Differentiable Architecture Search (DARTS)

The algorithm follows the idea proposed in DARTS: Differentiable Architecture Search by Hanxiao Liu, Karen Simonyan, Yiming Yang: https://arxiv.org/abs/1806.09055. The implementation is based on official github implementation and popular repository.

The algorithm addresses the scalability challenge of architecture search by formulating the task in a differentiable manner. It is based on continuous relaxation and gradient descent in the search space. It is able to efficiently design high-performance convolutional architectures for image classification (on CIFAR-10 and ImageNet) and recurrent architectures for language modeling (on Penn Treebank and WikiText-2).

Katib Implementation

To support DARTS in current Katib functionality the implementation follows this way:

1. DARTS Suggestion service creates set of primitive operations from the Experiment search space. For example:

``````['separable_convolution_3x3', 'dilated_convolution_3x3', 'dilated_convolution_5x5', 'avg_pooling_3x3', 'max_pooling_3x3', 'skip_connection']
``````
2. Suggestion returns algorithm settings, number of layers and set of primitives to Katib Controller

3. Katib controller starts DARTS training container with the appropriate settings and all possible operations.

4. Training container runs DARTS algorithm.

5. Metrics collector saves Best Genotype from the training container log.

Best Genotype representation

Best Genotype is the best cell for each neural network layer. Cells are generated by DARTS algorithm. Here is an example of the Best Genotype:

``````Genotype(
normal=[
[('max_pooling_3x3',0),('max_pooling_3x3',1)],
[('max_pooling_3x3',0),('max_pooling_3x3',1)],
[('max_pooling_3x3',0),('dilated_convolution_3x3',3)],
[('max_pooling_3x3',0),('max_pooling_3x3',1)]
],
normal_concat=range(2,6),
reduce=[
[('dilated_convolution_5x5',1),('separable_convolution_3x3',0)],
[('max_pooling_3x3',2),('dilated_convolution_5x5',1)],
[('dilated_convolution_5x5',3),('dilated_convolution_5x5',2)],
[('dilated_convolution_5x5',3),('dilated_convolution_5x5',4)]
],
reduce_concat=range(2,6)
)
``````

In this example you can see 4 DARTS nodes with indexes: 2,3,4,5.

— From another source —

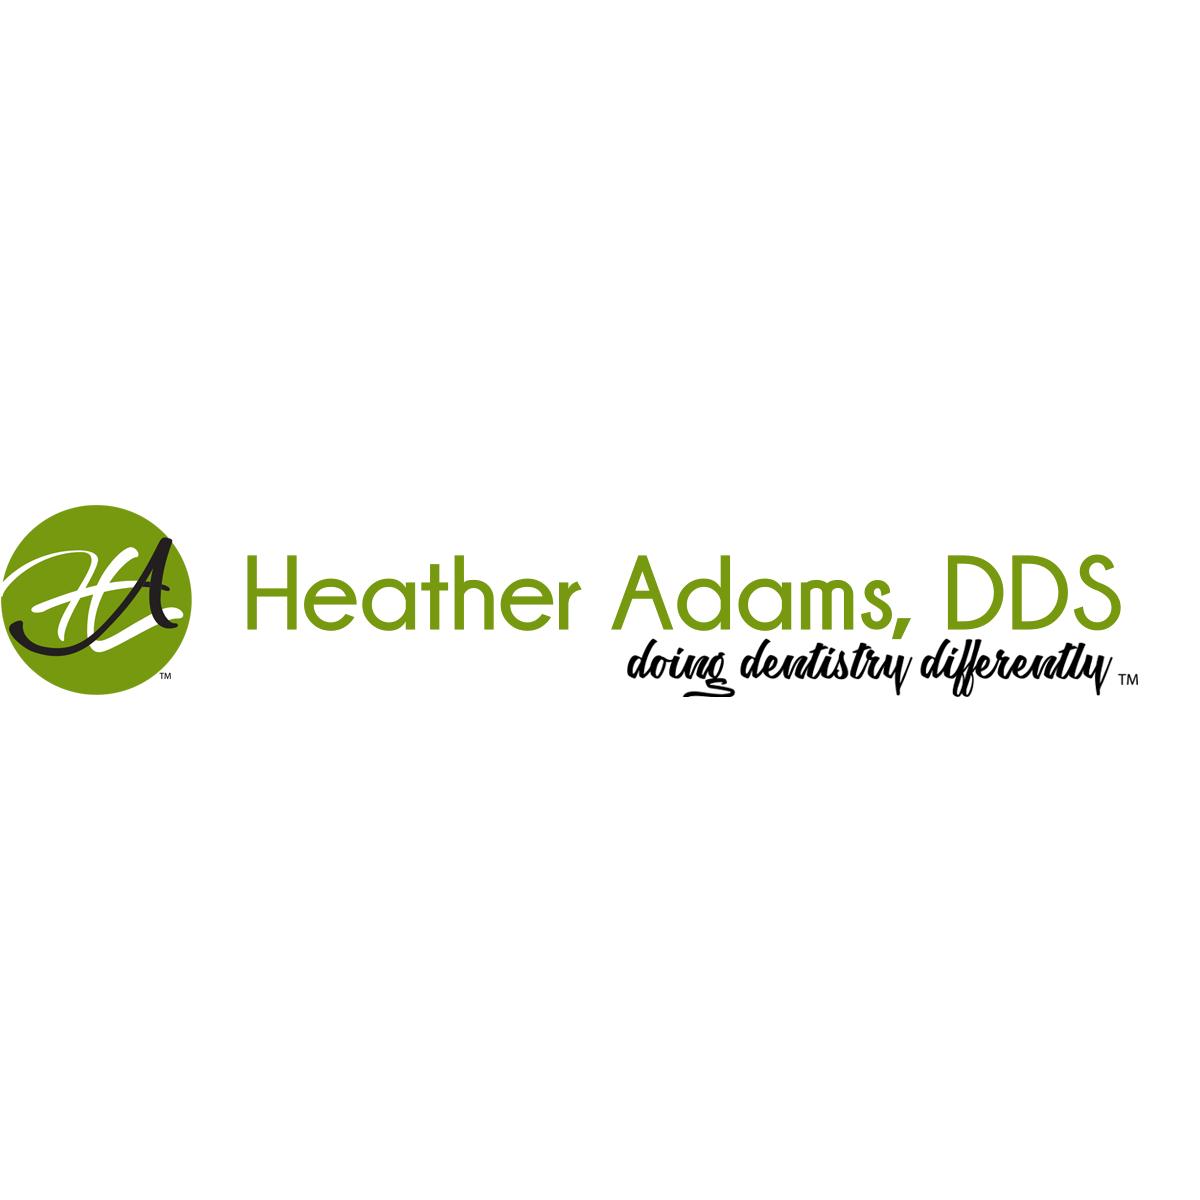 Heather Adams Dentistry

`reduce` parameter is the cells which located at the 1/3 and 2/3 of the total neural network layers. They represent reduction cells in which all the operations adjacent to the input nodes are of stride two.

`normal` parameter is the cells which is located at the rest neural network layers. They represent normal cell.

In CNN all reduce and normal intermediate nodes are concatenated and each node has 2 edges.

Each element in `normal` array is the node which has 2 edges. First element is the operation on the edge and second element is the node index connection. Note that index 0 is the `C_{k-2}` node and index 1 is the `C_{k-1}` node.

For example `[('max_pooling_3x3',0),('max_pooling_3x3',1)]` means that `C_{k-2}` node connects to the first node with `max_pooling_3x3` operation (Max Pooling with filter size 3) and `C_{k-1}` node connects to the first node with `max_pooling_3x3` operation.

`reduce` array follows the same way as `normal` array.

`normal_concat` and `reduce_concat` means concatenation between intermediate nodes.

Currently, it supports running only on single GPU and second-order approximation, which produced better results than first-order.

The following items can be implemented in DARTS:

• Support multi GPU training. Add functionality to select GPU for training.

• Support DARTS in Katib UI.

• Think about better representation of Best Genotype.

• Add more dataset for CNN. Currently, it supports only CIFAR-10.

• Support RNN in addition to CNN.

• Support micro mode, which means searching for a particular neural network cell.